If you want to run qemu with the kvm acceleration, you need to get the kvm version of qemu (got mine from downloads here), switch to gcc 3.4.6 temporarily using gcc-config, compile it and install it.  There are instructions on how to do this on the site.  My kernel is compiled with gcc 4.1.2.  When running you'll see qemu/kvm in the window title, instead of the normal qemu.

The FAQ contains all the info needed to get things set-up for non-root use etc, etc.  Also useful is qemu site/wiki.

I'm on amd64 (2.6.21-gentoo-r2) kvm modules supplied with the kernel (compiled as modules) - the kvm-17 download is working fine for me.  Not sure whether you'll gain anything from getting the kvm modules from elsewhere - I'm just happy enough that it's working as is - although feel free to enlighten me on what I'm missing out on  :Smile: 

----------

## sundialsvc4

If you are going to try that, you would be much better to use the virtual-machine capabilities that are now available in native Linux.

----------

## Bones

 *monkeynuthead wrote:*   

> Not sure whether you'll gain anything from getting the kvm modules from elsewhere - I'm just happy enough that it's working as is - although feel free to enlighten me on what I'm missing out on 

 

The recent KVM work has included some major performance enhancements.

Also, KVM works just fine when compiled with gcc 4.  You only need 3.4.6 if you intend to use qemu without the KVM module, (i.e., with the -no-kvm switch).

----------

## monkeynuthead

 *Quote:*   

> The recent KVM work has included some major performance enhancements.

 

Ok, ta.  What's the easiest way to get hold of the latest kvm modules?

----------

## Voorhees51

So is this what I need to do to get KVM and qemu working?:

1. compile my kernel: 2.6.21-gentoo-r3 sources

   -- Do I need to compile kvm and kvm-intel options as modules or not at all?

   -- Which version of gcc 3 or 4?

2. Download the kvm-17 sources from the KVM website http://kvm.qumranet.com/kvmwiki/Downloads

   -- Chose this because on the download page it said to if using the 2.6.21 in kernel modules

   -- If I do the 'use external modules' option from the download page,

      do I need to enable it in the kernel at all then?

3. From http://kvm.qumranet.com/kvmwiki/HOWTO site:  

   -- Compile it using the --with-patched-kernel option, or do I leave this part out?

   -- Which version of gcc 3 or 4?

   -- probe the module kvm-intel in my case

   -- Then continue following the howto

Do I need to even have the qemu packages from portage installed if I'm going this route?

Is this process correct or am I missing something?

Thanks for the Help

----------

## Bones

1.  If you want to use the latest KVM version (yes you do!), do not enable KVM in your kernel at all.  

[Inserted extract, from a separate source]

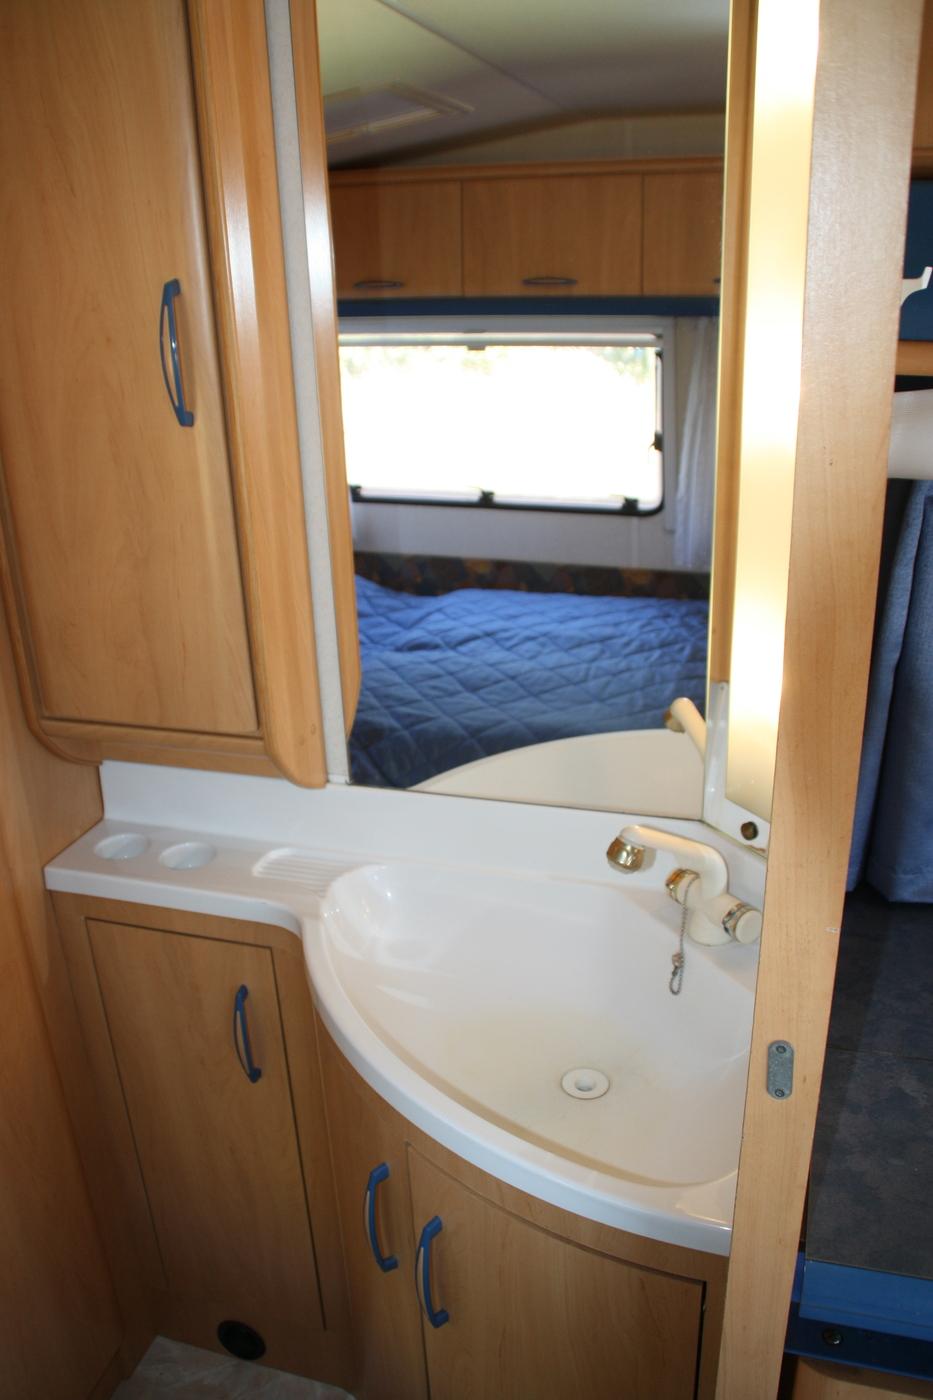 Thumb håndvask campingvogne udlejning aalborg
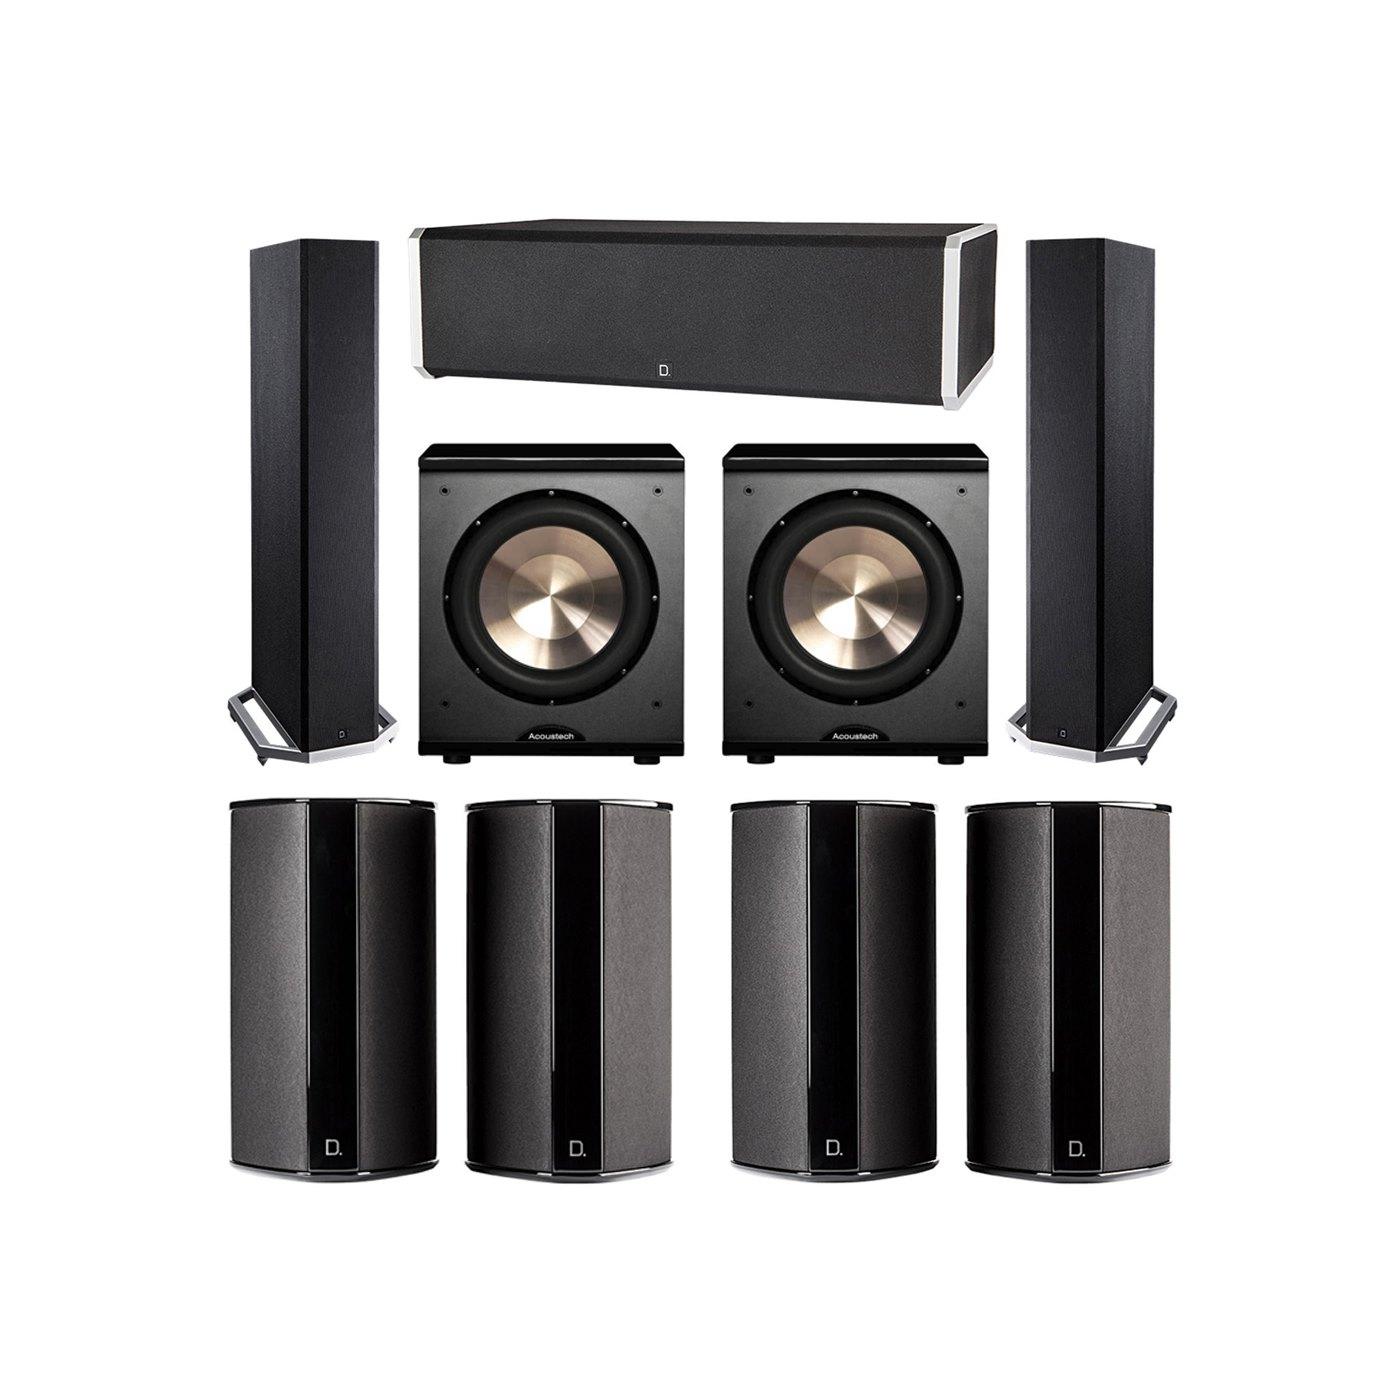 Definitive Technology 7.2 System with 2 BP9020 Tower Speakers, 1 CS9060 Center Channel Speaker, 4 SR9080 Surround Speaker, 2 BIC PL-200 Subwoofer

2.  Download the latest official KVM, not KVM-17.  The tarball includes the kernel module and the modified qemu userspace.  You may compile it with gcc 4 if you intend to use qemu with KVM always enabled.  If you want to preserve qemu's full emulation ability, then you must compile it with gcc 3.  The configure script has "--qemu-cc" and "--disable-gcc-check" options for this, choose appropriately.  Full emulation with qemu is useful for older operating systems like Windows 98, and for some LiveCDs that use unsupported real mode code in their bootloaders.

3.  The --with-patched-kernel option doesn't apply since you won't be using the module shipped with 2.6.21.  After the build, modprobe kvm-intel and continue.

 *Quote:*   

> Do I need to even have the qemu packages from portage installed if I'm going this route?

 

No.  KVM uses a customized qemu.  Normal qemu doesn't support KVM (yet).

----------

## Bones

I slapped together this HOWTO for KVM.  It's sort of rough around the edges.  Is it worth posting to the HOWTO section?  Maybe the bugzilla ebuild would obsolete this too quickly?

HOWTO Compile KVM from Scratch

KVM is a full virtualization solution for Linux.  This guide shows how to build and install the latest official KVM from the tarball downloaded from the KVM SourceForge download page.  Go get the source right now.  There is also an ebuild in bugzilla that hasn't made its way into Portage or an official overlay yet.  This guide describes manually configuring and compiling.

Don't confuse KVM with kqemu.  The KVM module replaces kqemu.  However, KVM requires a processor with virtualization extensions (AMD svm or Intel vmx), while kqemu does not.

After downloading, untar the KVM source and start configuring...

Configuration and Compiling

KVM relies on a modified qemu as its userspace program to provide emulated devices and a nice interface.  The KVM tarball has the customized qemu in it; don't try to use normal qemu with KVM.  Qemu, as set up by the KVM build scripting, requires SDL and ALSA.  If you don't have libsdl and ALSA installed yet, do that now, or follow the headless box instructions below.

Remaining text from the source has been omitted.